Nouveau partenariat entre Ithra et la Commission royale pour AlUla pour développer les industries créatives

  • Ithra et la Commission royale pour AlUla collaborent ensemble pour le sixième Ithra Art Prize
  • L'Ithra Art Prize, doté d’une récompense de 100 000 dollars, est l'un des prix les plus importants de la région

RIYAD: Le Centre King Abdulaziz pour la culture mondiale et la Commission royale pour AlUla (RCU) collaborent pour le sixième Ithra Art Prize dans le cadre d'un partenariat visant à promouvoir et à développer les arts et les industries de la culture à travers l'Arabie saoudite.

Les personnes souhaitant participer au concours, doté d'un prix de 100 000 dollars (un dollar = 0,91 euro), ont jusqu'au 30 septembre pour s’inscrire. L'œuvre primée sera dévoilée lors du festival des arts AlUla en février prochain.

«Grâce à nos efforts, nous allons relier les régions de l'ouest et de l'est à travers l'art et la culture, développer conjointement des programmes et des ateliers au profit des communautés d’AlUla et d’Ithra, soutenir l’élaboration des prix d'AlUla et d’Ithra, unir nos efforts pour mener des projets et des production créatives et permettre la participation aux initiatives les uns des autres», a affirmé Nora Aldabal, directrice exécutive de Arts AlUla, à Arab News.

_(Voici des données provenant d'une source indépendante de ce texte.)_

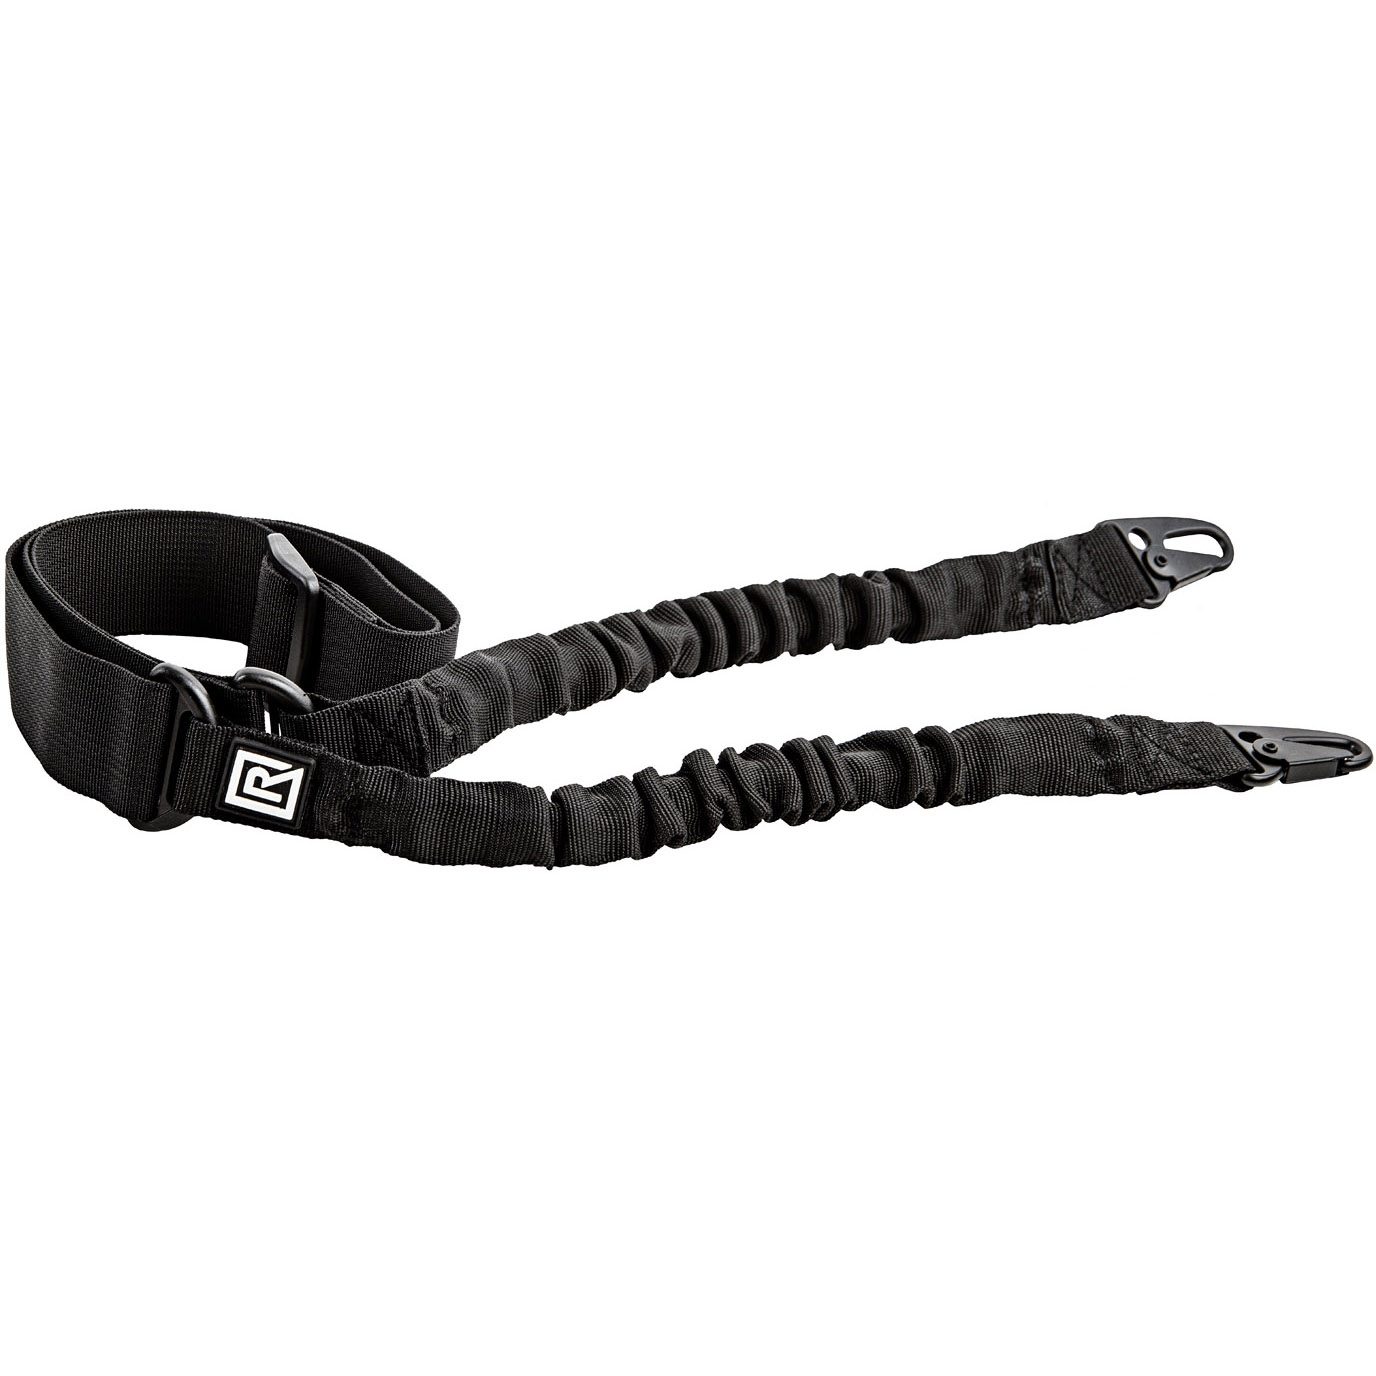 BlackRapid Dual Point Gun Sling Strap, Black with Clips
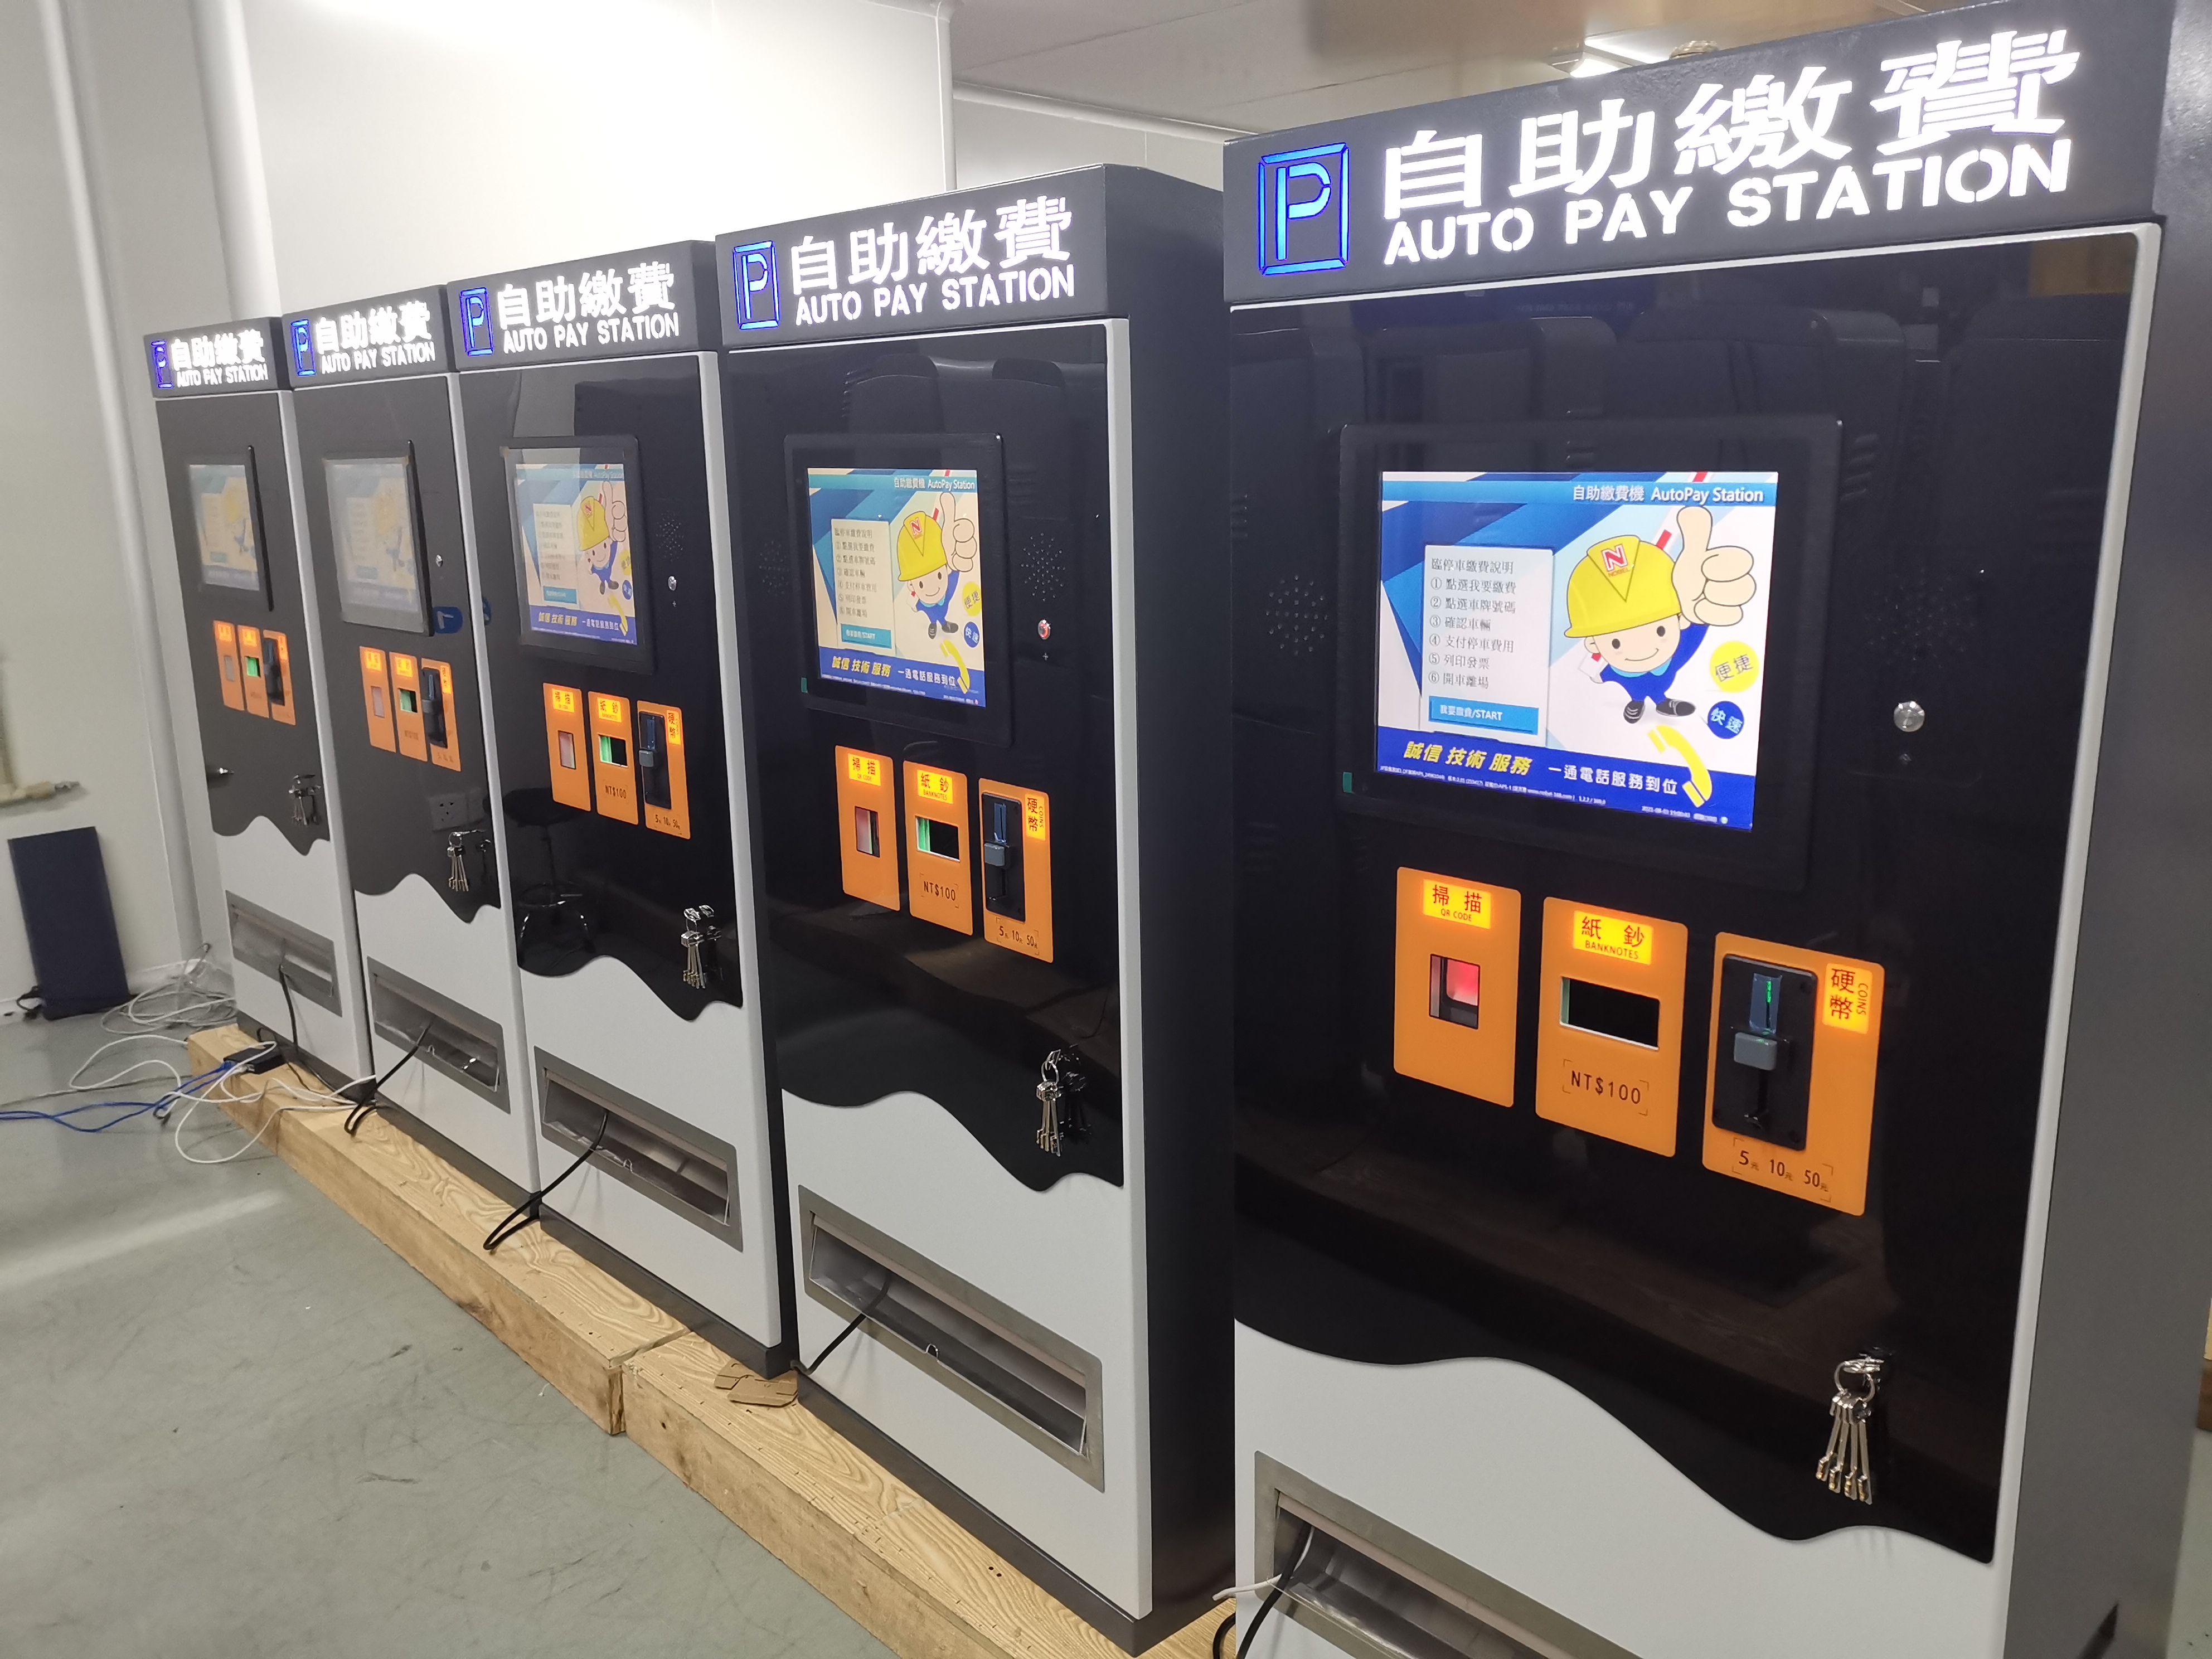 LPR Smart Card Paper Tickets Parking System Automated Parking Pay Stations APS-X5 from excelsoo expark

«La Commission royale pour AlUla s'appuie sur le riche héritage d'AlUla pour placer l'art et la créativité au cœur d'une destination touristique en développement, et en tant que contributeur d’importance au caractère, à la qualité de vie et à l'économie de la région», a-t-elle ajouté.

L'Ithra Art Prize est l'un des prix les plus importants de la région. Parmi les anciens lauréats figurent l'artiste ukraino-tunisienne Nadia Kaabi-Linke et le lauréat 2023, l'artiste finlandais irakien Adel Abidin.

L'édition 2024 se concentrera sur l'art de l’installation et de la sculpture en extérieur. Le jury sera constitué d’un comité d'experts régionaux et internationaux, comprenant des représentants d'Ithra et de la RCU.

L’œuvre primée sera dévoilée et présentée au festival multi-arts d'AlUla avant de rejoindre la collection permanente d'Ithra.

«Nous sommes vraiment heureux de collaborer à notre sixième Ithra Art Prize avec la Commission royale pour AlUla», a indiqué à Arab News Farah Aboushoullaih, responsable des musées à Ithra. 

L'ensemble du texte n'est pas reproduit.